Внешне она выглядела, как постаревшая та девочка – подруга будущих офицеров из училища. Я шел, слушал ее и любовался. В душе что-то отогревалось, и тихонько стучало оттаявшее сердце. Когда мы дошли до ее дома, она пригласила меня зайти вечером.
Видела, каким взглядом я на нее смотрел. Я оробел, но потом сказал:
– Только у меня есть одна особенность…
– Выпиваешь? – спросила она с тоской.
– Нет. Никогда не пил. Одно время курил, но бросил.
– А что же?
– Я девственник, — бухнул я с отчаянием.
Лучше бы я промолчал, как делал это всю жизнь. Она неудержимо, звонко и весело засмеялась. Залихватски, до слез…
– Ох, и насмешил.
Я бросил ее сумку с помидорами, покраснел всей кожей тела и бросился прочь. Оттаявшее сердце вмиг покрылось непробиваемой снежной коркой. Никому много десятилетий не говорил, что у меня, что со мной. Родная мать и та думает, что что-то было в Афгане. А тут в первый раз увидел, открыл душу и такой плевок.
А, может, где-то правы извращенцы, те, что с резиновой куклой, с мужиками? Не знаю. Я хотел не только тепла тела, но и тепла души. Был бы не таким примерным с детства, не жил бы по принципу:
Что скажет папенька-генерал, да маменька – общественная деятельница? А не будет ли известно замполиту?
Кто-то из древних сказал, что, если хочешь изменить мир, измени его сначала в себе. Я не смог себя изменить, даже убежать от себя не смог.
Был сильно правильный. И что теперь? Израненный онанист-орденоносец с военной пенсией, девственник с хорошей зарплатой в генеральской квартире?
Даже мама мне уже не мешает. Она перебралась к сестре, нянчит и поучает ее детей. Со мной, говорит, жить невозможно, у меня вздорный характер героя.
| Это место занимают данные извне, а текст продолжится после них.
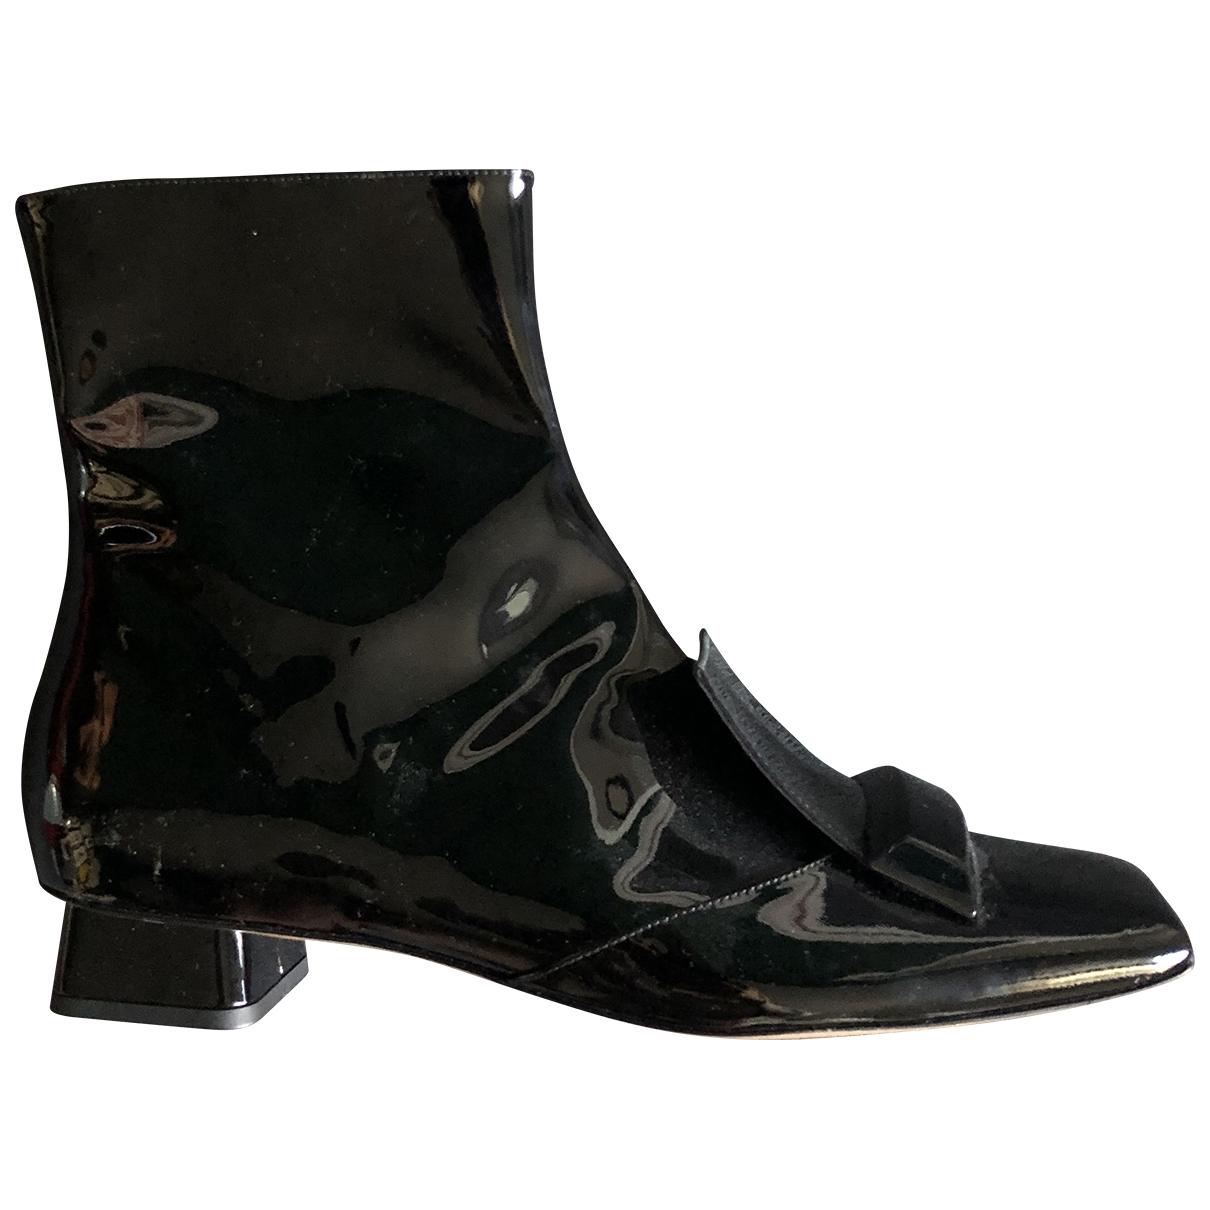 Rayne London - Boots   pour femme en cuir verni - noir
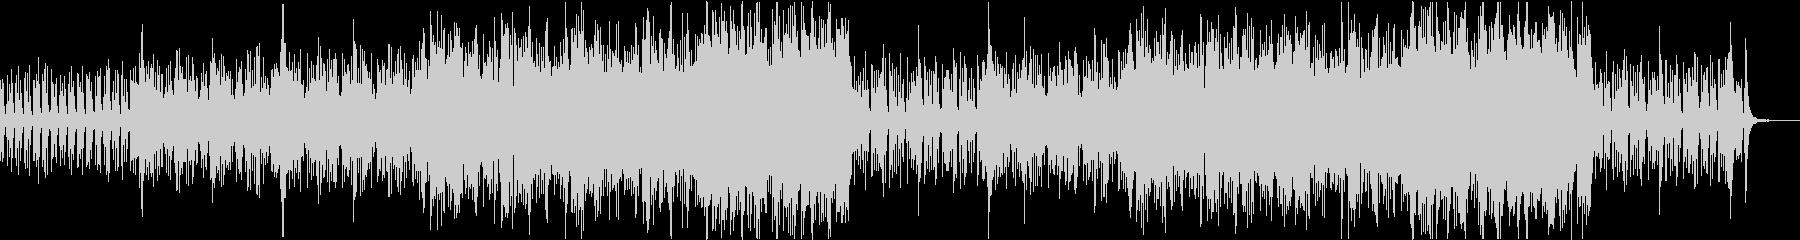 クラリネット&フルートのオーケストラの未再生の波形

Я не знал, что путь мой вспомнить
Тяжелее будет, чем пройти.
–Ты опять не спишь? – вздыхает мать.
Как мне объяснить, а ей понять,
Что ночами мирными опять
Память меня в бой уводит вновь…
Я живу сам. Завел себе кота. Но мой котяра вошел в возраст и убежал «парубкувать». И через неделю, в ранах и блохах, голодный, но сексуально удовлетворенный, вернулся домой. Я его принял обратно. Обмыл, накормил, Я вот смотрю на своего гуляющего кота и думаю, что он, с 30 граммами мозгов – мужчина, а я – нет.
Понимаю, что мне нужна женщина, пока еще не начал курить или не спился. А многие мои друзья или в вечности, или пьют «по-черному».
Ну, где же взять ту, единственную, которая ПОЙМЕТ? Где? Не пойдешь же по городу? Не будешь же звонить в дверь каждого дома?
А со стороны я строгий и неприступный. Даже еще симпатичный. Я девственник. Что же мне делать?